他只是不想让这东西继续存在了,不想让阁下再看到这么不堪的他……

他的想法十分简单粗暴,就是让它们消失。

但是就算消失,它留下的痕迹好像也永远存在着……

时时刻刻在提醒维卡斯。

“慢慢放手。”

“我帮你取下来。”

维卡斯没动,仍固执地站在那。

耶泽一点点掰开他的手指,直到那块受伤的胸膛再次露出全貌。

“阁下,别看……”

那声音带着苦涩与哀求。

耶泽握着他的腰不让他逃,维卡斯没法只能狠狠偏过头,借此逃避。

银钉周围还有一圈凝固的血迹,维卡斯刚才动作粗暴,本来还没完全愈合的伤口又渗出一点血。

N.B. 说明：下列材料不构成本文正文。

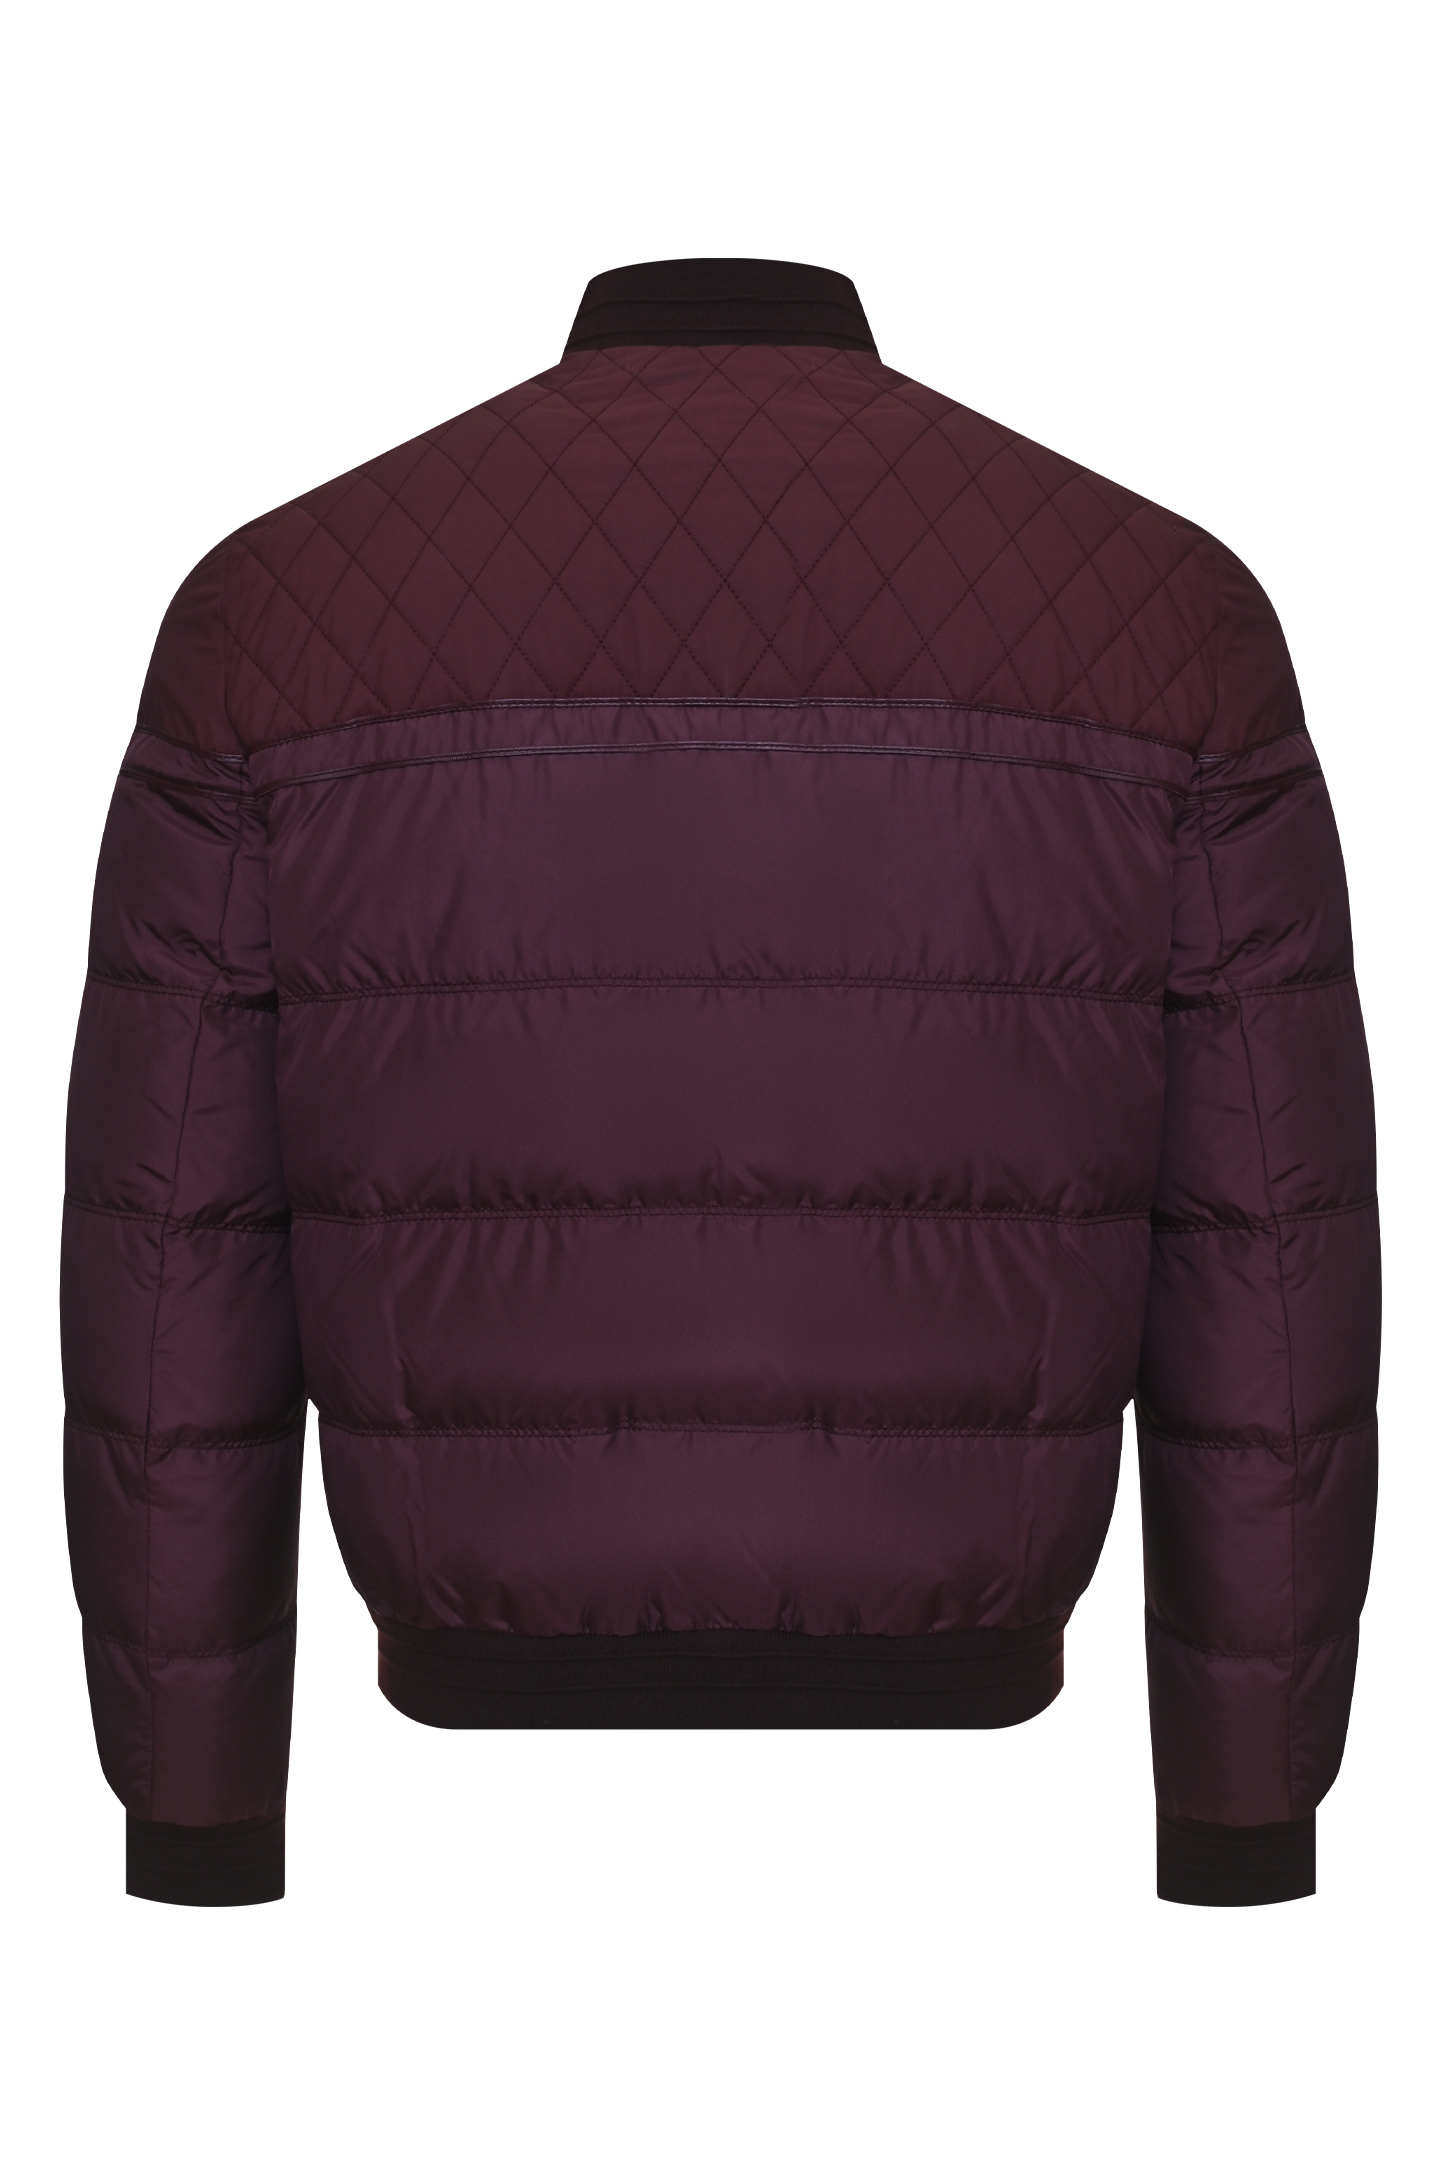 Куртка STEFANO RICCI MZJ9300050 SEREC1, цвет: Бордовый, Мужской

往日闻到维卡斯血液香味就会兴奋的耶泽,此刻仍没提起半点食欲。

反而想立刻把这该死的东西销毁!

突如其来的冰凉,维卡斯轻轻‘嘶’了一口气。

耶泽以为他弄疼维卡斯了,安抚他,“已经好了。”

维卡斯看过去,镶嵌着黑色宝石的钉不复存在。

空气中,一团黑色的齑粉散去。

那块最嫩的肉还在流血,被穿刺的痕迹也在……

明明已经被取下来了,维卡斯怎么就还是高兴不起来呢……

仅仅安静了一会儿,气氛就压得虫喘不过气。

“和我回家吗?”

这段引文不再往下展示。